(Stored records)
################

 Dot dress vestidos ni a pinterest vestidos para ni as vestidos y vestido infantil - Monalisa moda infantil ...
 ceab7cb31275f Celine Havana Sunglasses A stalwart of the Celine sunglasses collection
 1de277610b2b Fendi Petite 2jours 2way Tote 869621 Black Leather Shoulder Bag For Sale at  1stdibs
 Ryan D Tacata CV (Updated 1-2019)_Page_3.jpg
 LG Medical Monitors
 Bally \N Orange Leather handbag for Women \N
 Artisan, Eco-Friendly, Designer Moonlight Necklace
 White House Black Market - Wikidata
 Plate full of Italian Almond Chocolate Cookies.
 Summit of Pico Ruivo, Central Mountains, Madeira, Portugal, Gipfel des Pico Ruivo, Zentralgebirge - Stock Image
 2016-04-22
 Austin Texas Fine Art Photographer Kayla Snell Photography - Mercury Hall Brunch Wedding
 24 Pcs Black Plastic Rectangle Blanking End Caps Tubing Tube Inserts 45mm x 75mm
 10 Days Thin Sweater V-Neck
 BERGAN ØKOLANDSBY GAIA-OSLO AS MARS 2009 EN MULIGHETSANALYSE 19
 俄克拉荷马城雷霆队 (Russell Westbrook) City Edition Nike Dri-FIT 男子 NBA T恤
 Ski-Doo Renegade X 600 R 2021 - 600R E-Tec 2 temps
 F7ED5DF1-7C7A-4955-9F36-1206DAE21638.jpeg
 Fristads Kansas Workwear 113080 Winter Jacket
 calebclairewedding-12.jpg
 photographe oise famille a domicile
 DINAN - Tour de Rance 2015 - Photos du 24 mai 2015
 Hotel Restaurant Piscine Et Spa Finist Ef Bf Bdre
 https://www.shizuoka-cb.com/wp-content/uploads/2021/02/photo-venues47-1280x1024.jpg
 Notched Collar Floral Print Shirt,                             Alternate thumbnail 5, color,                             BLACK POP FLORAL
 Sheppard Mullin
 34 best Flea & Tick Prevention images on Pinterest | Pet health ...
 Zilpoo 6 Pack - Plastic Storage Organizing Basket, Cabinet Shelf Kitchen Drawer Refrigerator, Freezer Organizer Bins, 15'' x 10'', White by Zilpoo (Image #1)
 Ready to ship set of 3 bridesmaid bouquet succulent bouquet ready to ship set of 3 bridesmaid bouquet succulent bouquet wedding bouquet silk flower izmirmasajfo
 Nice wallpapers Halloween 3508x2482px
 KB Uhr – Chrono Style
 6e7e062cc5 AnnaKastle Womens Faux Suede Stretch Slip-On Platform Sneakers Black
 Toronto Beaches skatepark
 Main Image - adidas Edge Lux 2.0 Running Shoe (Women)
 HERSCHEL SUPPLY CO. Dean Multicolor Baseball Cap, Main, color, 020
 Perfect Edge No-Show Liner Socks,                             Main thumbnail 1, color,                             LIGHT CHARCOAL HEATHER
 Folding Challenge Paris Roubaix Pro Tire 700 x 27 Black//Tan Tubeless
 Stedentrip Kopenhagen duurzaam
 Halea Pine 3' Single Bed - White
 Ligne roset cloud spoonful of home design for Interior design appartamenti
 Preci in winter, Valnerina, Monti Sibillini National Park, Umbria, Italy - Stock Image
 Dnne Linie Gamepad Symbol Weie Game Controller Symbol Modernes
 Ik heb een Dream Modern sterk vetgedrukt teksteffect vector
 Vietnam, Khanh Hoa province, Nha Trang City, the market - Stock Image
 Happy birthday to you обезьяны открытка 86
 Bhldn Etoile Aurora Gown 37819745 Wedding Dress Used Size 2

################

Please give again the lines above between the line holding "Austin Texas Fine" and the line holding "10 Days Thin Sweater V-Neck", inclusive, exactly as they are and with nothing added.

 Austin Texas Fine Art Photographer Kayla Snell Photography - Mercury Hall Brunch Wedding
 24 Pcs Black Plastic Rectangle Blanking End Caps Tubing Tube Inserts 45mm x 75mm
 10 Days Thin Sweater V-Neck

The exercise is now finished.